Все это вздор, и тем не менее мне надо было уйти пораньше. Нигде я не чувствовал себя так скверно, как на конгрессе в Берлине. Я был изнурен не только физически, уязвлена была моя личность.
Корили меня и патриоты. По их убеждению, слишком щедро я поступился нашей победой. Они не могли уразуметь, что европейские державы пойдут на все, но нам не позволят добиться своего на Балканах.
Я вытащил Россию из бездны не для того, чтоб ее обрушить всего через два десятилетия. Я не желал этой войны, я уступил порыву общества, и мне пришлось за него ответить.
Берлинский конгресс прояснил реальность. Все то же: в итоге наших усилий мы вновь оказались одни против всех, мы снова должны были заплатить за нашу несообразность и чужесть, за то, что раскинулись на полсвета «от Перми до Тавриды», за страх, который постоянно внушаем. Нас вспоминают, когда мы нужны, предпочитая забыть поскорее в иное благополучное время.
Возможно, что за этот удел люблю я отчизну странной любовью. Нет, не за славу, не за пространства и не за пьяный мужицкий пляс. За то, что жребий наш — одинокость. За эту тайную обреченность. Люблю — жалею. Жалею — люблю. Нет в мире крепче любви, чем жалость.
Но вот что еще бесповоротней, безвыходней — нет нам другого пути! Если и есть мне извинение, то в том оно, что я это понял. Больше всего я боялся потворствовать той ущемленности, что столетьями травит и точит русскую душу. Что бы то ни было, я знаю: наша дорога лежит в Европу. Может быть, и наступит срок: она увидит сестру в России. С этой надеждой я не расстанусь. Если же станем копить обиды, нас непреложно сожрет азиатчина. Не та, что вовне, а та, что в нас.
За год до гибели государя мы вновь говорили об этой кровавой дороге в Царьград за нашей мечтой. И мы, не таясь, признались друг другу, что этот поход во имя мифа с его неискупимыми жертвами, с нашей украденною победой и для него, и для меня стал беспощадным разочарованьем. Я не сказал ему лишь о том, как мучит меня самовольно присвоенное право распоряжаться жизнями, прежде всего, солдатскими жизнями.

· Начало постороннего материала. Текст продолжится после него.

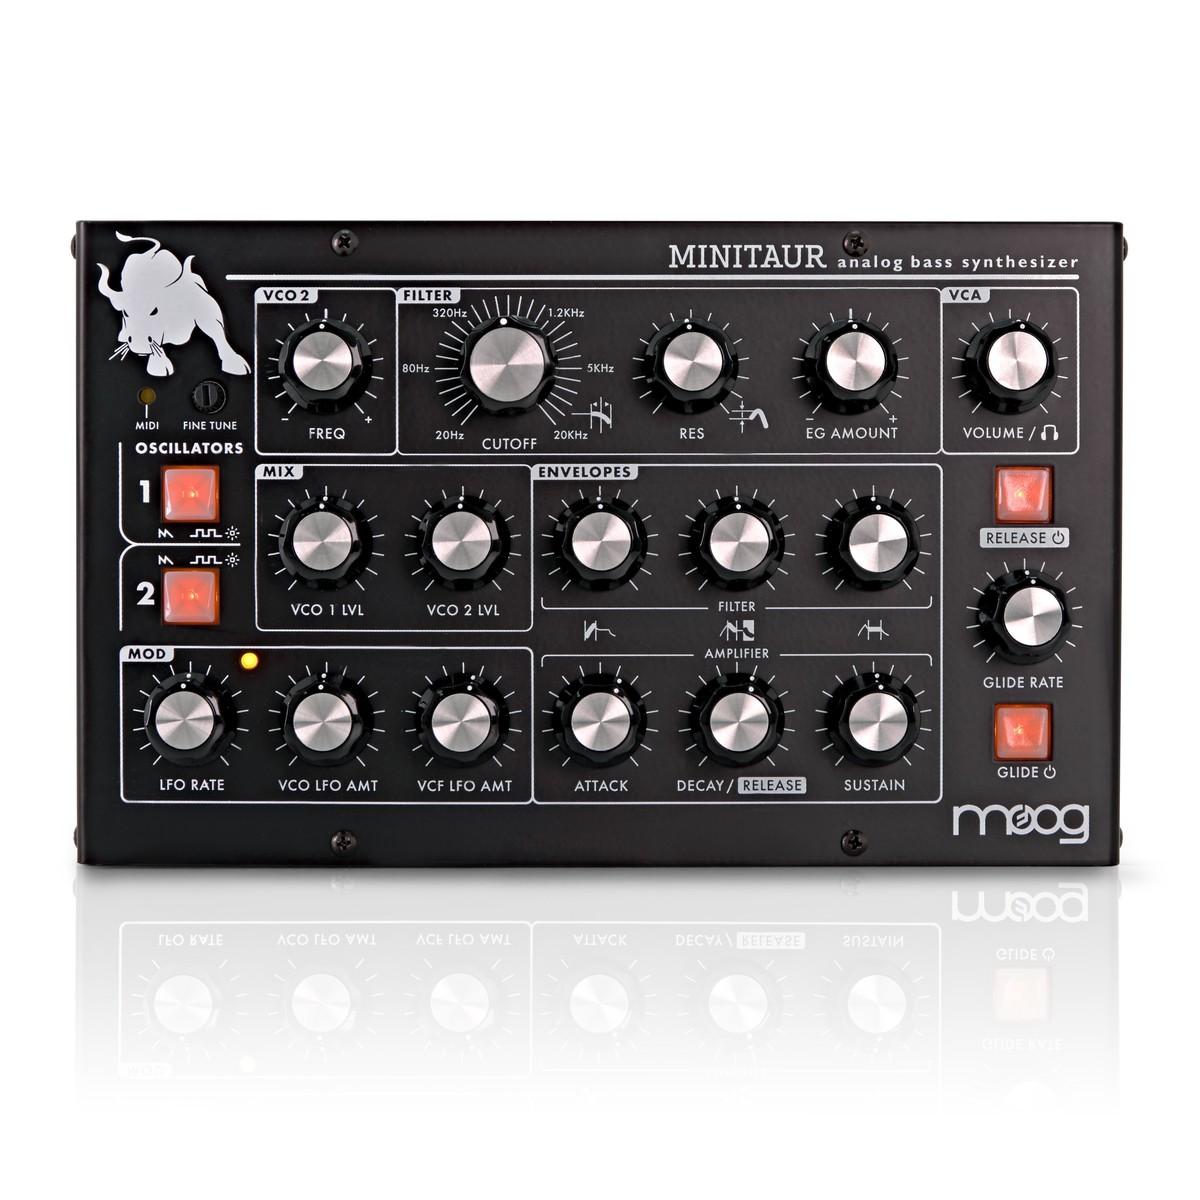 Shop now   Moog MINITAUR Analog Bass Synthesizer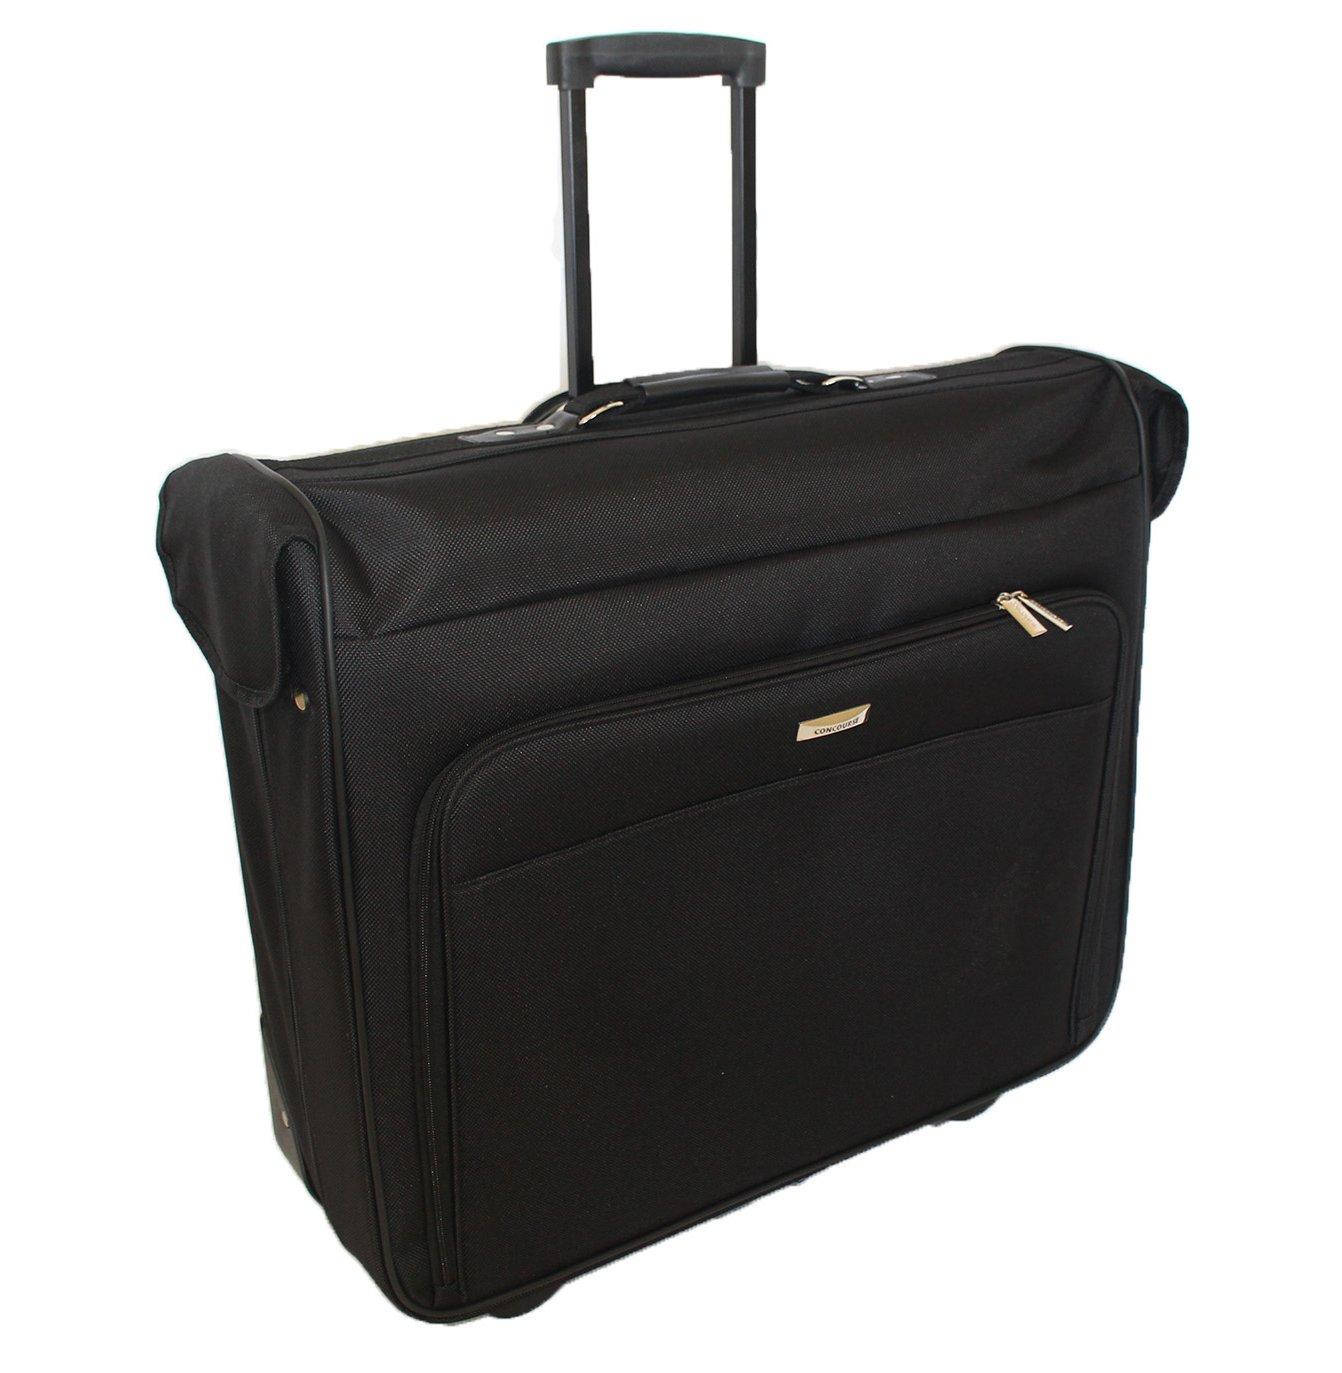 44-In. Wheeled Garment Bag in Black

Все начинается так невинно — с дипломатической рутины, с докладов, с искусства переговоров, с приемов, удивляющих пышностью, с учтивых улыбок и рукопожатий, а люди, живущие Бог знает где, за тысячи верст от этой игры, не ведают и не подозревают, что судьбы их уже накренились.
Впрочем, и сам государь не знал, сколько потребует крови империя, так же, как он не знал и того, что не пройдет и нескольких месяцев и бомба разорвет его в клочья.
И этот измученный русский царь, и безымянный солдат на Шипке — за что они положили головы, за что их перемолола история? И будут ли те, кто придет после нас, счастливей от смерти того и другого? И кто же счастлив на этом свете? Счастлив, кто посетил сей мир в его минуты роковые? Можно спросить еще короче: счастлив, кто посетил сей мир?
Если бы Пушкин услышал это из уст «счастливца с первых дней»! Но он безмолвствует, как народ, от коего он не желал зависеть, он молча стоит на Тверском бульваре.
Пред тем, как отправиться в Ниццу, на юг, я побывал в нашей старой Москве, и мне захотелось с ним проститься.
Я долго смотрел на склоненную голову, стремясь проникнуть гранит и бронзу, шепча про себя: это я, узнаешь меня? Помнишь, как в уснувшем Михайловском ты спрашивал у пера, у бумаги: «Кому ж из нас под старость день лицея Торжествовать придется одному?». Ты добавлял: «Несчастный друг!..».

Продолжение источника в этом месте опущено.